RFC-0079: General transactions in extrinsic format

Start Date12 March 2024
DescriptionSupport more extrinsic types by updating the extrinsic format
AuthorsGeorge Pisaltu

Summary

This RFC proposes the expansion of the extrinsic type identifier from the current most significant bit of the first byte of the encoded extrinsic to the two most significant bits of the first byte of the encoded extrinsic.

Motivation

In order to support transactions that use different authorization schemes than currently exist, a new extrinsic type must be introduced alongside the current signed and unsigned types. Currently, an encoded extrinsic's first byte indicate the type of extrinsic using the most significant bit - 0 for unsigned, 1 for signed - and the 7 following bits indicate the extrinsic format version, which has been equal to 4 for a long time.
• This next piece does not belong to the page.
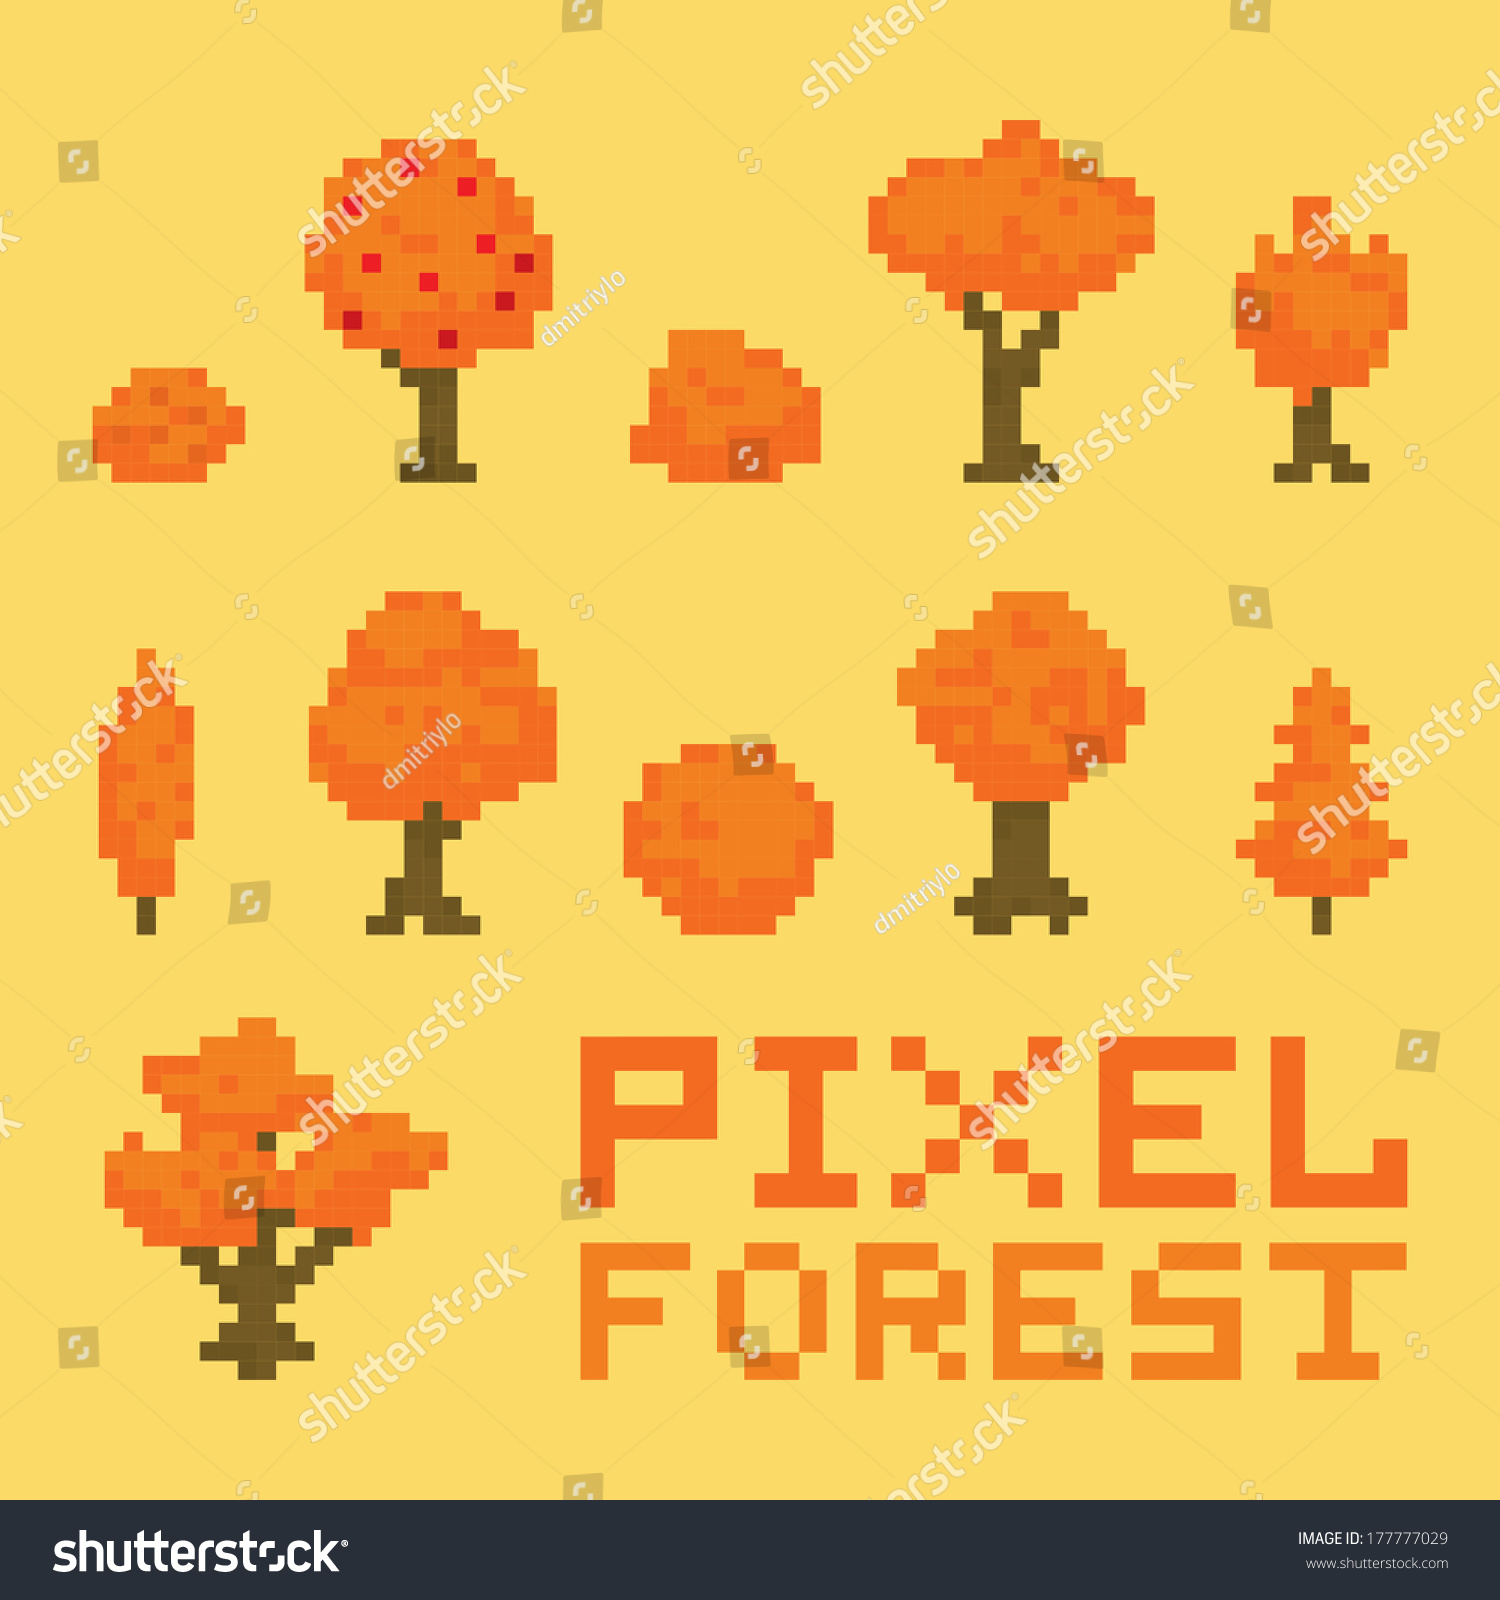 Pixel Art Autumn Forest Isolated Vector Stock Vector Royalty Free

By taking one bit from the extrinsic format version encoding, we can support 2 additional extrinsic types while also having a minimal impact on our capability to extend and change the extrinsic format in the future.

Stakeholders

Runtime users.

Explanation

An extrinsic is currently encoded as one byte to identify the extrinsic type and version. This RFC aims to change the interpretation of this byte regarding the reserved bits for the extrinsic type and version. In the following explanation, bits represented using T make up the extrinsic type and bits represented using V make up the extrinsic version.

Currently, the bit allocation within the leading encoded byte is 0bTVVV_VVVV. In practice in the Polkadot ecosystem, the leading byte would be 0bT000_0100 as the version has been equal to 4 for a long time.

This RFC proposes for the bit allocation to change to 0bTTVV_VVVV.

Drawbacks

This change would reduce the maximum possible transaction version from the current 127 to 63. In order to bypass the new, lower limit, the extrinsic format would have to change again.

Testing, Security, and Privacy

There is no impact on testing, security or privacy.

Performance, Ergonomics, and Compatibility

This change would allow Polkadot to support new types of transactions, with the specific "general" transaction type in mind at the time of writing this proposal.

Performance

There is no performance impact.

Ergonomics

The impact to developers and end-users is minimal as it would just be a bitmask update on their part for parsing the extrinsic type along with the version.

Compatibility

This change breaks backwards compatiblity because any transaction that is neither signed nor unsigned, but a new transaction type, would be interpreted as having a future extrinsic format version.

Prior Art and References

The original design was originally proposed in the TransactionExtension PR, which is also the motivation behind this effort.

Unresolved Questions

None.

Following this change, the "general" transaction type will be introduced as part of the Extrinsic Horizon effort, which will shape future work.